2.) New On Ramp class started on Monday, August 22nd. The class will be run for 9 sessions.
21Aug
WOD:

Coaches Randy, Joyce and Cindy with mobility and movement Coach K-Star.
“CrossFit Total”
3 reps of each lift to find max for all
Back squat
Strict Press
Deadlift
Please do your homework and come to the gym knowing your one rep max for each lift. Be prepared to move quickly through sets, resting only while your fellow Playgrounders are hitting the lift. Go hard, push yourselves and PR baby!
We had an amazing time at the Mobility Certification this past weekend. This certification is a one day event. A wealth of knowledge has been sent our way by KStar, and now it is our job to transfer it all to you. We will try our best to come up with mobility stretches based on the movements we execute for the WOD. Look for it and get ready to get mobile.
21Aug
WOD:
“Saturday Special 003″
Teams of 2:
Each team member completes 3 rounds with med ball
25, 50, 75ft suicide runs
Followed by overhead throws to partner
3 rounds of carrying kettlebell of:
25, 50, 75ft suicide runs
11 KB swings
18Aug

Want this? Eat your beefcow,veggies and water.

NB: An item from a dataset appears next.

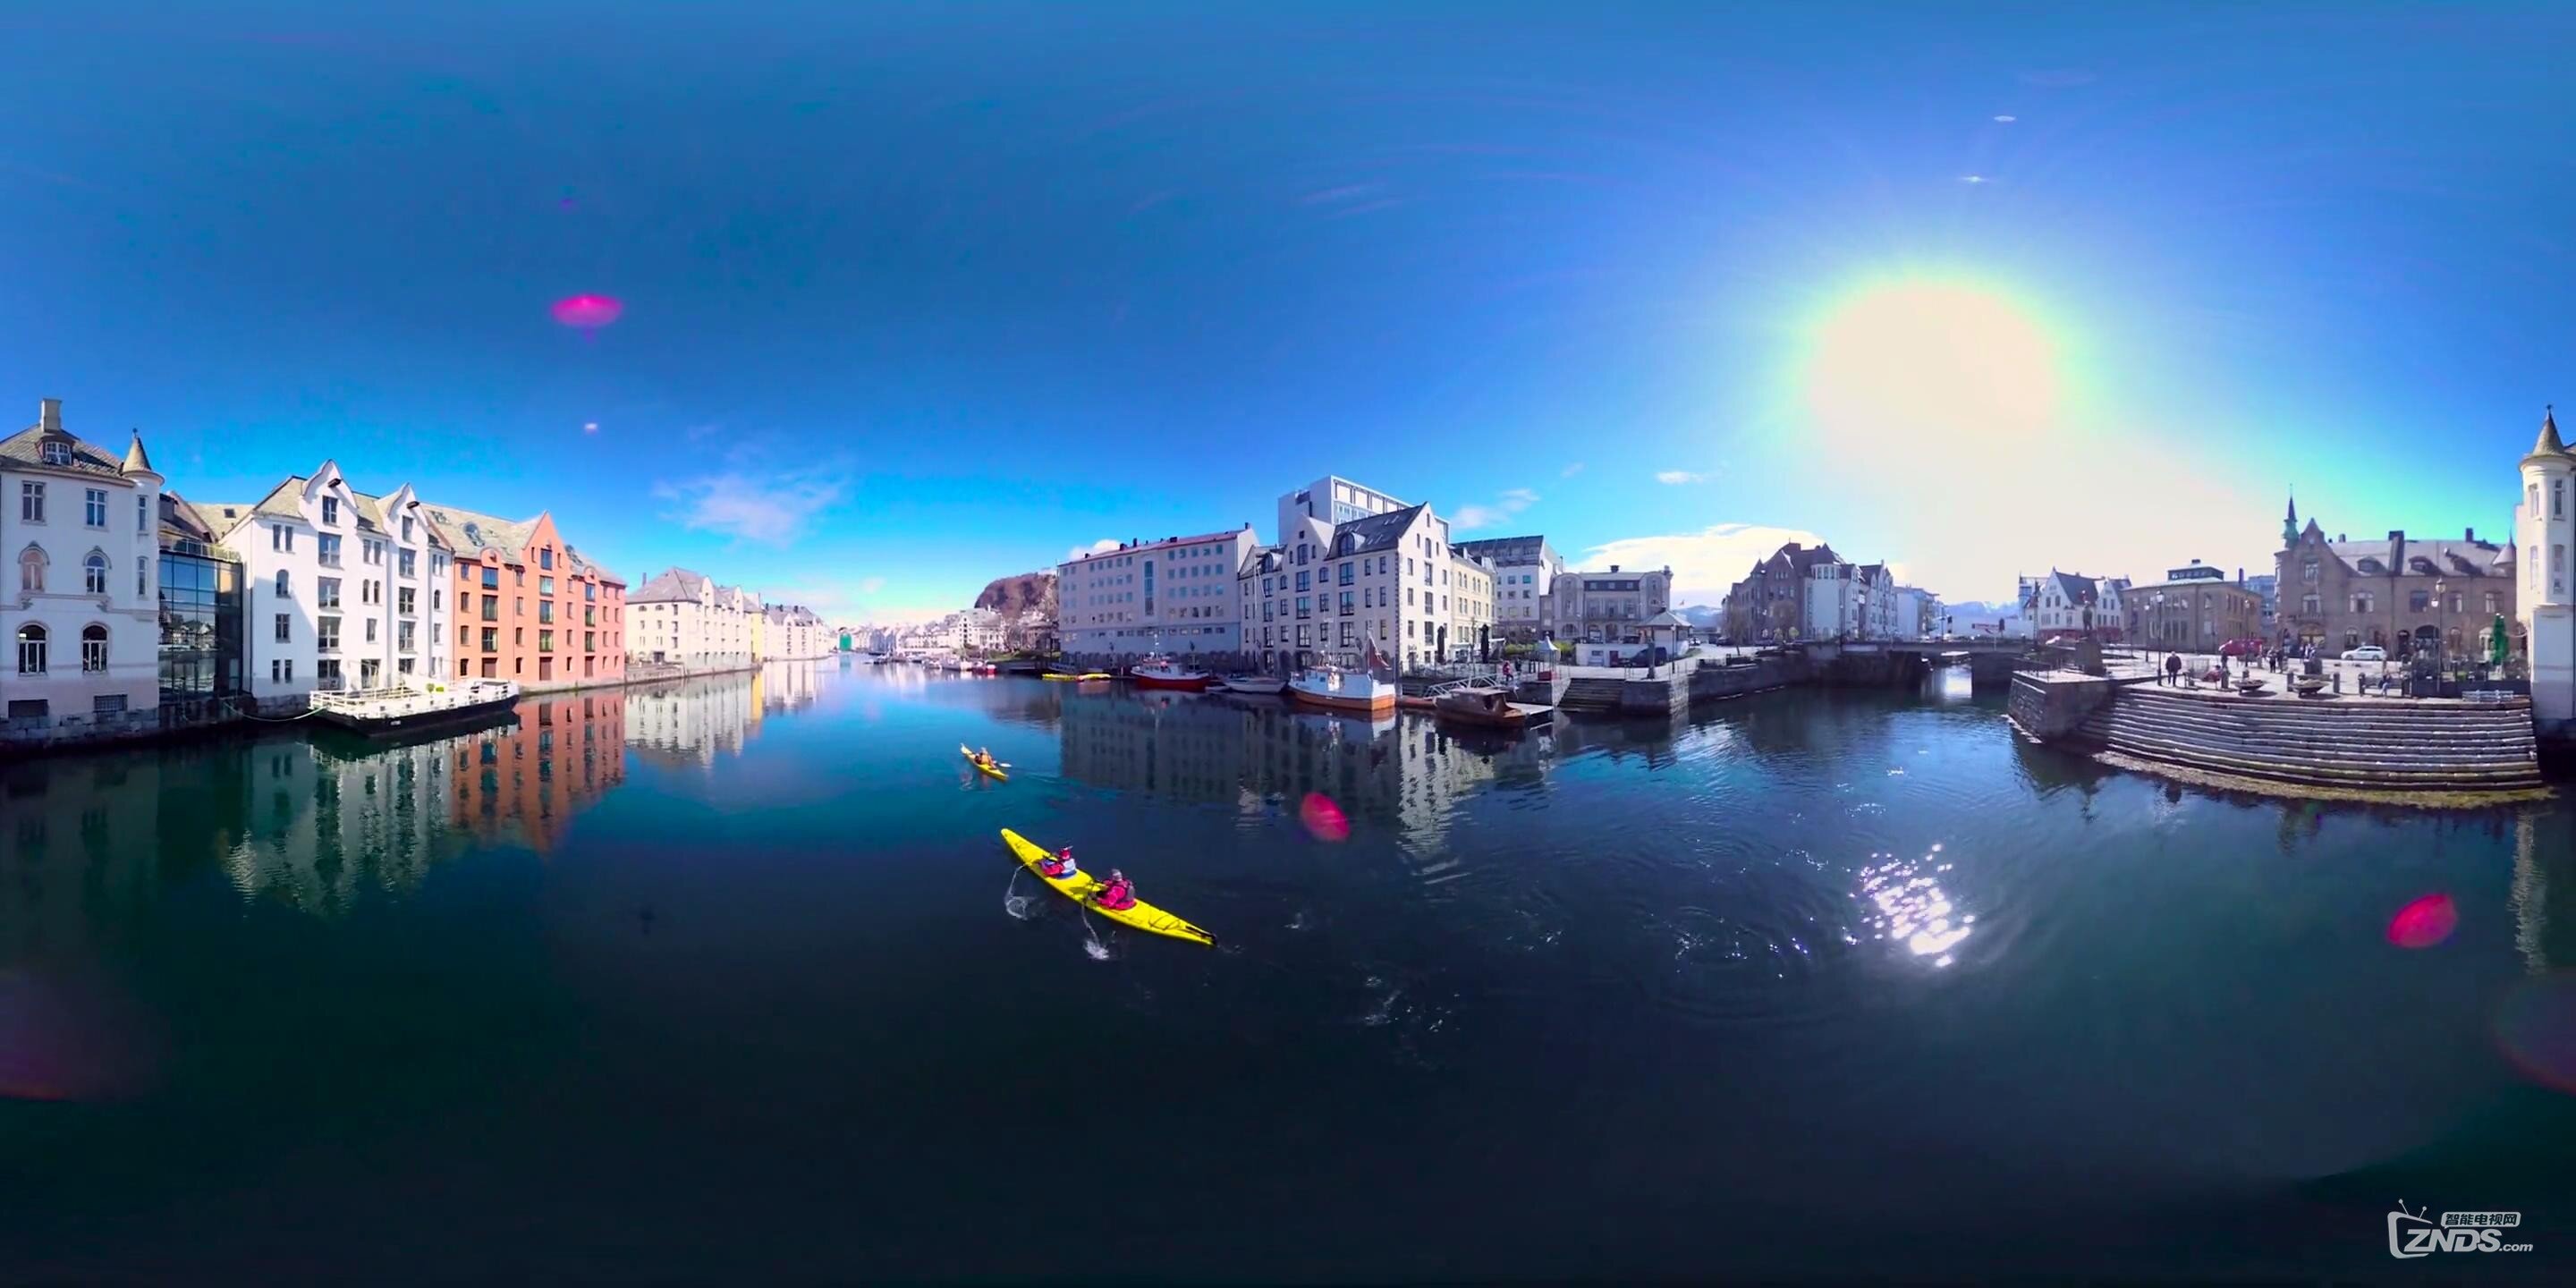 【360度VR全景视频】小镇的温馨,大欧洲的格

Do your pullups and deadlifts.
CrossFit Games Masters Chipper
For time:
10 Handstand push-ups
20 Wall ball shots, 20 pound ball to 10′ target/14# 9′
30 Toes-to-bar
40 Power cleans, 135 pounds/95
50 Burpees
60 Sumo deadlift high-pull, 75 pounds/55
Video of WOD http://games.crossfit.com/node/629277
17Aug
WOD:
“Plate of Love”
Select a bumper plate
Rx’d – men: 45 / women: 25
For time and always with your plate:
400 meter run with your plate
20 Down and ups (go from laying on your back to standing with the plate overhead)
30 Deadlifts (plate must hit the ground)
40 Overhead Walking Lunges – plate overhead
50 Burpees (plate on the ground at bottom, overhead at top)

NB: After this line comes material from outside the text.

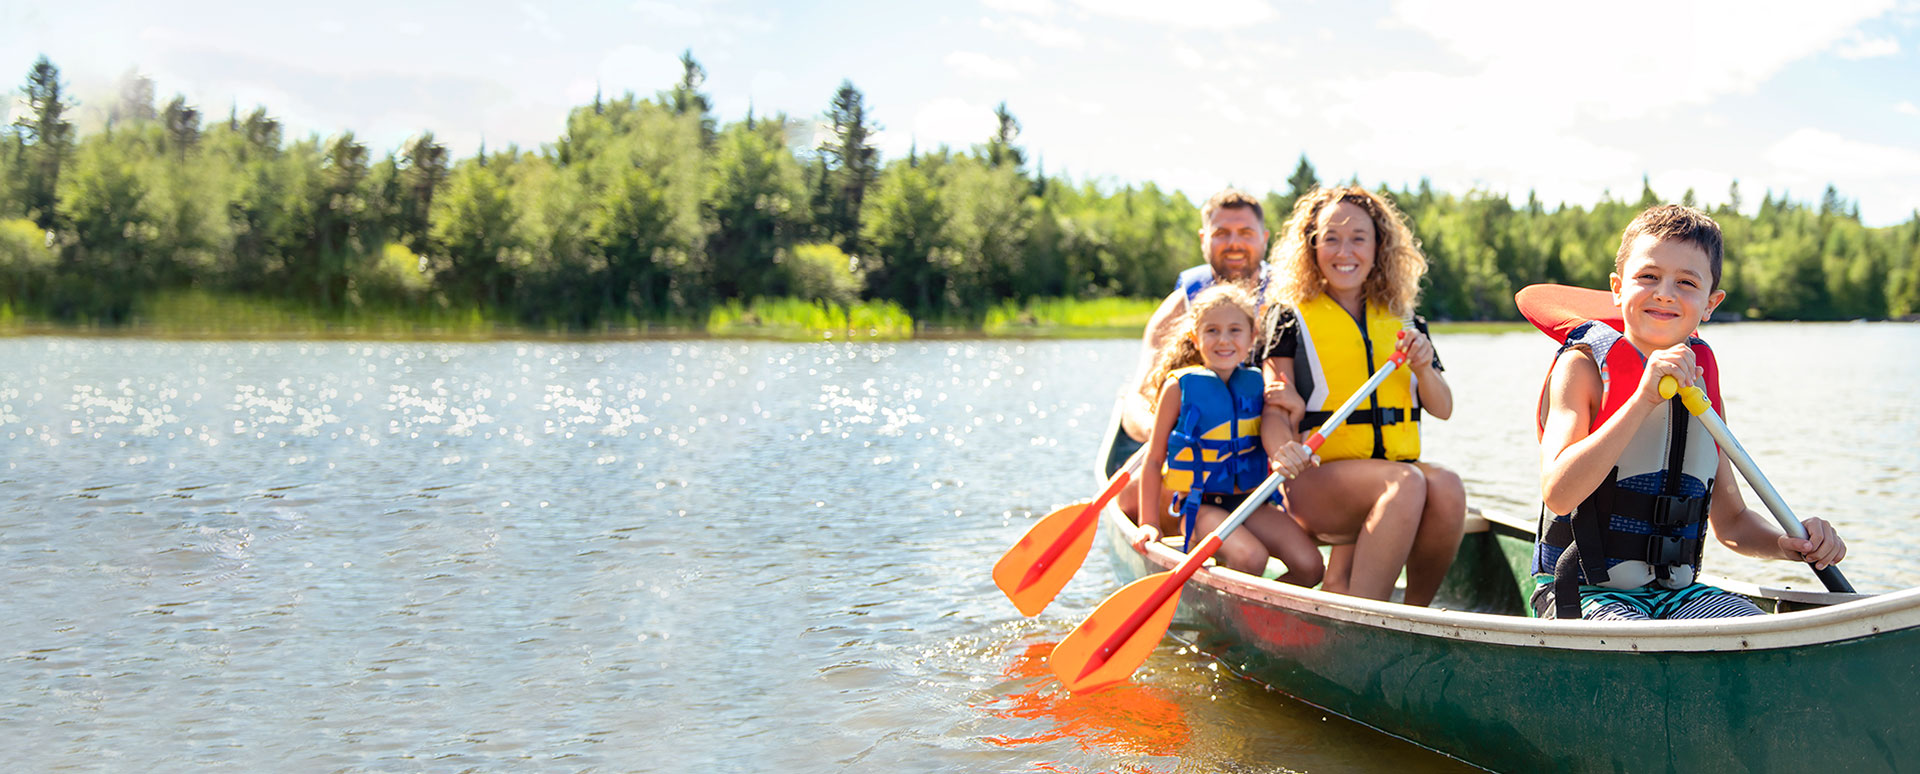 family in canoe having fun

400 meter run with your plate
16Aug
WOD:

Eileen's T2B! Nice work girl!
Push Press
3-3-3-3-3
A few tips to follow for the push press
1.) Stance: feet are in jump stance/hips distance apart
2.) Grip: shoulders distance or just inside shoulders, so barbell can rest on deltoids
3.) Barbell is in rack position, with elbows out in front of body
4.) Tight core maintaining upright when dipping down/bending at the knees about 1/4 squat
5.) Drive up with the knees and open hips rapidly as driven the bar up overhead into lockout position.
6.) When receiving barbell back in rack position for 2nd rep, catch with flex knees/cradle barbell as coming back down in rack to avoid crashing your clavicle.